The charges relate to the sale of $2.5 billion ANZ shares to institutional investors in August 2015.
The sale was organised and underwritten by Citigroup, Deutsche Bank and third big global bank JP Morgan to boost ANZ’s balance sheet in accordance with demands from the bank regulator APRA.
JP Morgan has not been charged.
Apart from Mr Moscati and Mr Roberts, those charged include Citigroup’s current managing director John McLean and global head of foreign exchange trading Itay Tuchman as well as Deutsche Bank’s former Australian chief executive Michael Ormaechea and Michael Richardson, who has also left the bank.
The three banks all strenuously deny the allegations and say they will vigorously defend themselves and their employees.
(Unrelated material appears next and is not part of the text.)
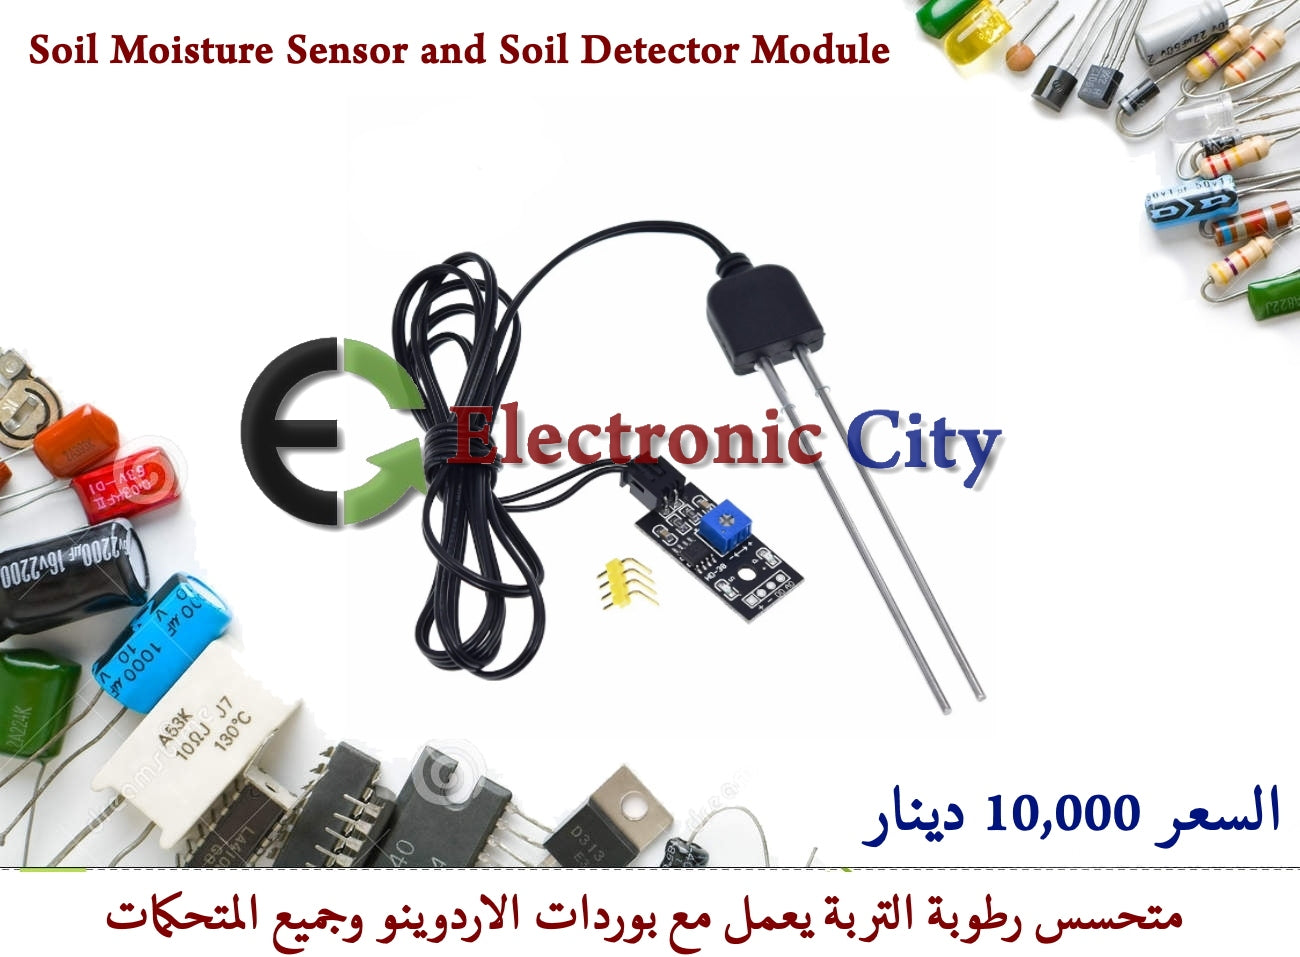 Soil Moisture Sensor and Soil Detector Module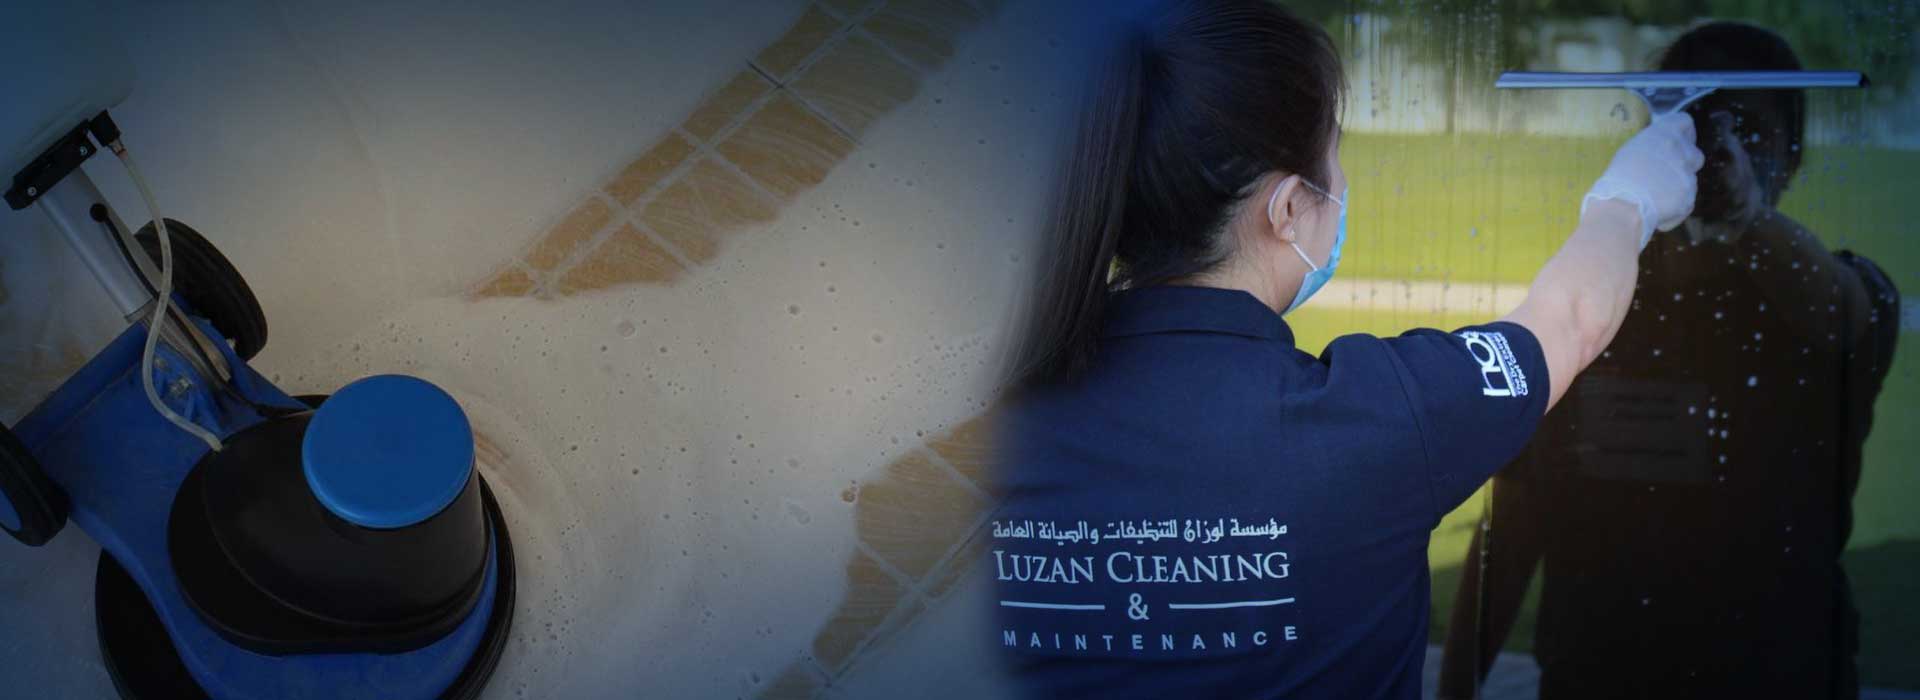 Luzan Cleaning & Maintenance

In an earlier statement Citi said there was no precedent for the action and there had been no guidance notes issued by the ACCC to the banks over their underwriting activities.
Two year investigation
The ACCC and the Australian Securities and Investments’ Commission have been investigating the disposal of about $790 million worth of shares the banks did not manage to sell in the initial auction to big institutional investors on August 6, 2016.
At the time, the market had not been informed about the overhang of unsold stock.
“This is a highly technical area and if the ACCC believes there are matters to address, these should be clarified by law or regulation or consultation,” Citigroup said.
“Underwriting syndicates exist to provide the capacity to assume risk and to underwrite large capital raisings, and have operated successfully in Australia in this manner for decades.”
ACCC chairman Rod Sims said: “These serious charges are the result of an ACCC investigation that has been running for more than two years.
“Charges have now been laid by the Commonwealth Director of Public Prosecutions and the matter will be determined by the court.”
The matter is listed before the Downing Centre Local Court in Sydney on July 3, 2018.
Under the Competition and Consumer Act, individuals found guilty face up to 10 years in jail and/or fines of up to $420,000 per criminal cartel offence.
Institutions face fines of up to $10 million per offence.